**WORK REQUIRED**
Read the records and gather each line that includes "vrchat".

((

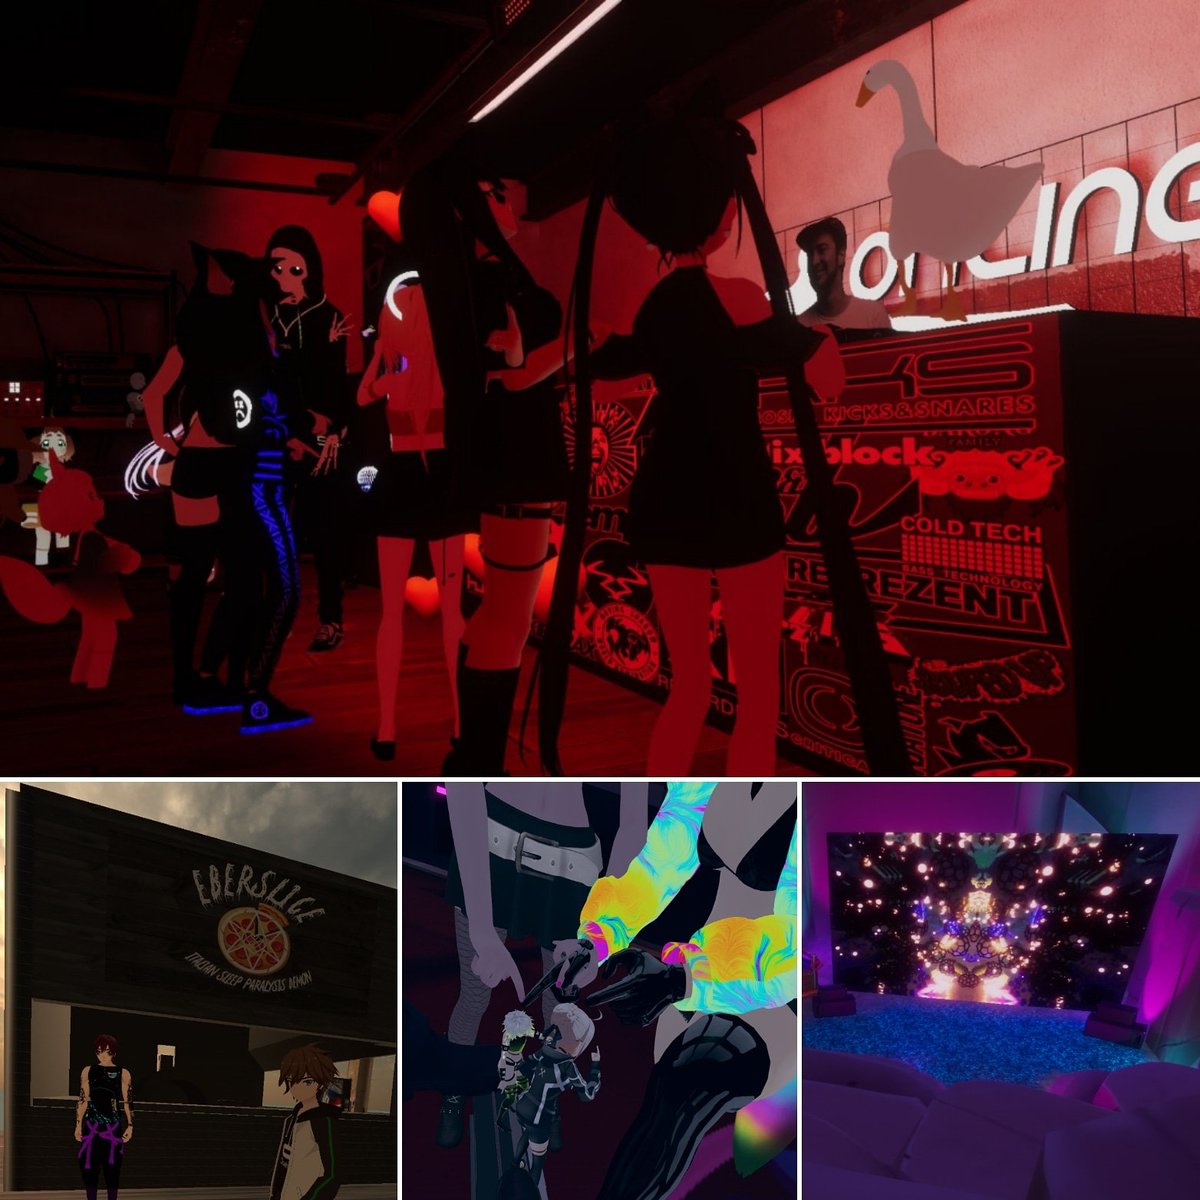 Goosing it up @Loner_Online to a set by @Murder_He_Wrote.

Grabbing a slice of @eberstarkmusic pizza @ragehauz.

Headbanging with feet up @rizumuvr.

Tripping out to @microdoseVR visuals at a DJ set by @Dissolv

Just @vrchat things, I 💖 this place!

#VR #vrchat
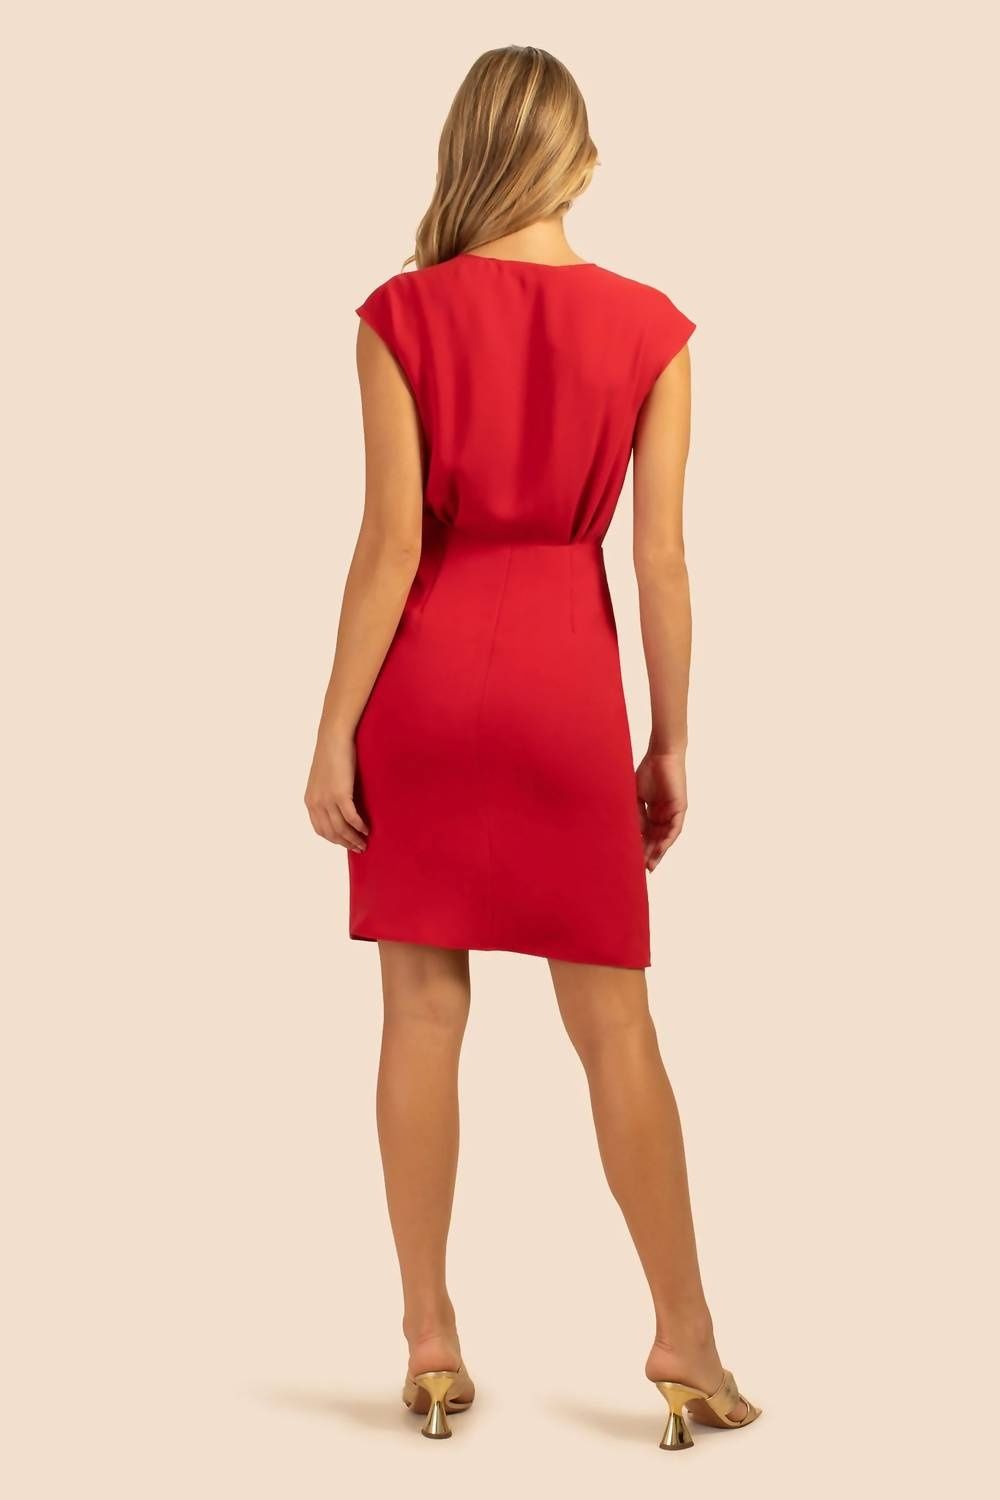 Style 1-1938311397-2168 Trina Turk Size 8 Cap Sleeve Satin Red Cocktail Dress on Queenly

))

**THE ANSWER**
Just @vrchat things, I 💖 this place!
#VR #vrchat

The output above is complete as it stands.